Fig. 3.

Model depicting the synaptogenic basis of depression and treatment response. (Left) Regular mood (synaptic homeostasis). Under normal conditions, levels of synapse number and function are maintained by homeostatic mechanisms that contribute to regular mood. This includes cycling of glutamate A1 (GluA1) receptors to and from the synapse. (Middle) Depression (synaptic destabilization). Chronic stress exposure decreases synaptic density, similar to the destabilization of spine synapses that occurs under conditions that cause long-term depression (LTD). Neuronal atrophy and synaptic loss are reversible, possibly more rapidly in resilient individuals with coping, exercise, or enriched environment. Stress also decreases BDNF, and BDNF deletion mutant mice exhibit similar synaptic deficits, suggesting that this neurotrophic factor may contribute to the loss of synapses and neuronal atrophy.
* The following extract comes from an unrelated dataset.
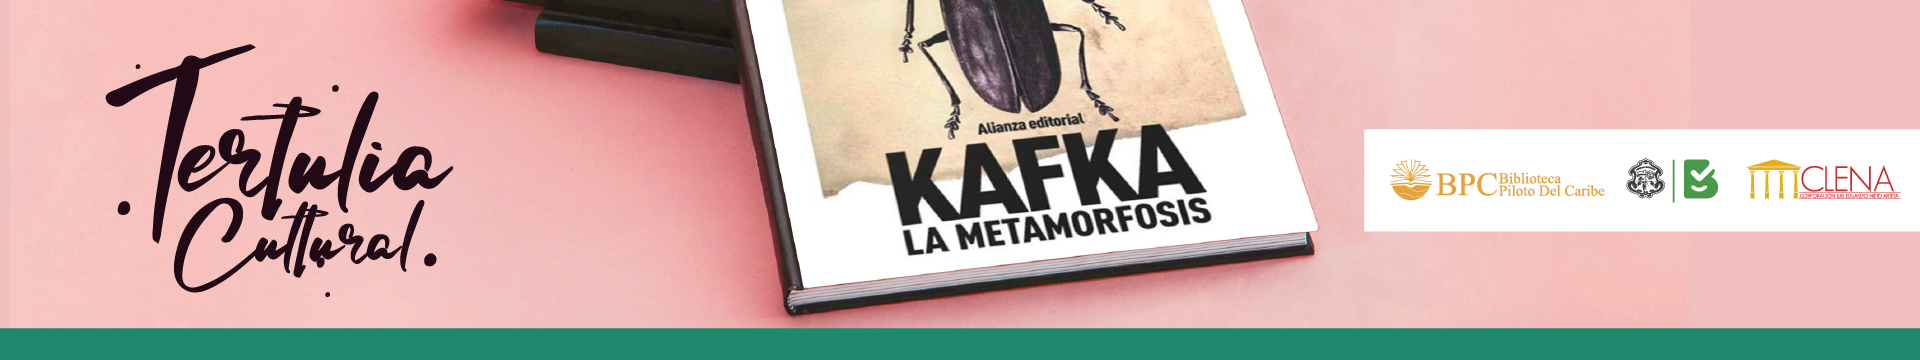 Tertulia Cultural: "La Metamorfosis" de Frank Kafka

GSK3, which is increased in depression, can be activated by PP1 and may also contribute to synaptic destabilization by promoting the internalization of GluA1. (Right) Rapid antidepressants (synaptogenesis). Ketamine rapidly increases glutamate transmission and synaptogenesis, similar to LTP. Ketamine-induction of synaptogenesis requires BDNF/TrkB-activation of Akt and mTOR signaling, resulting in increased translation of synaptic proteins, including GluA1, as well as Arc, which is required for the expansion and stabilization of spines. The actions of ketamine are also dependent on inhibition of GSK3, which could occur via stimulation of Akt or by blockade of NMDA receptors and PP1 (not shown in the figure). Depressed patients treated with ketamine relapse after 7 to 10 days, possibly due to failure of synaptic homeostasis, which could result from genetic mutations or environmental factors such as sustained stress.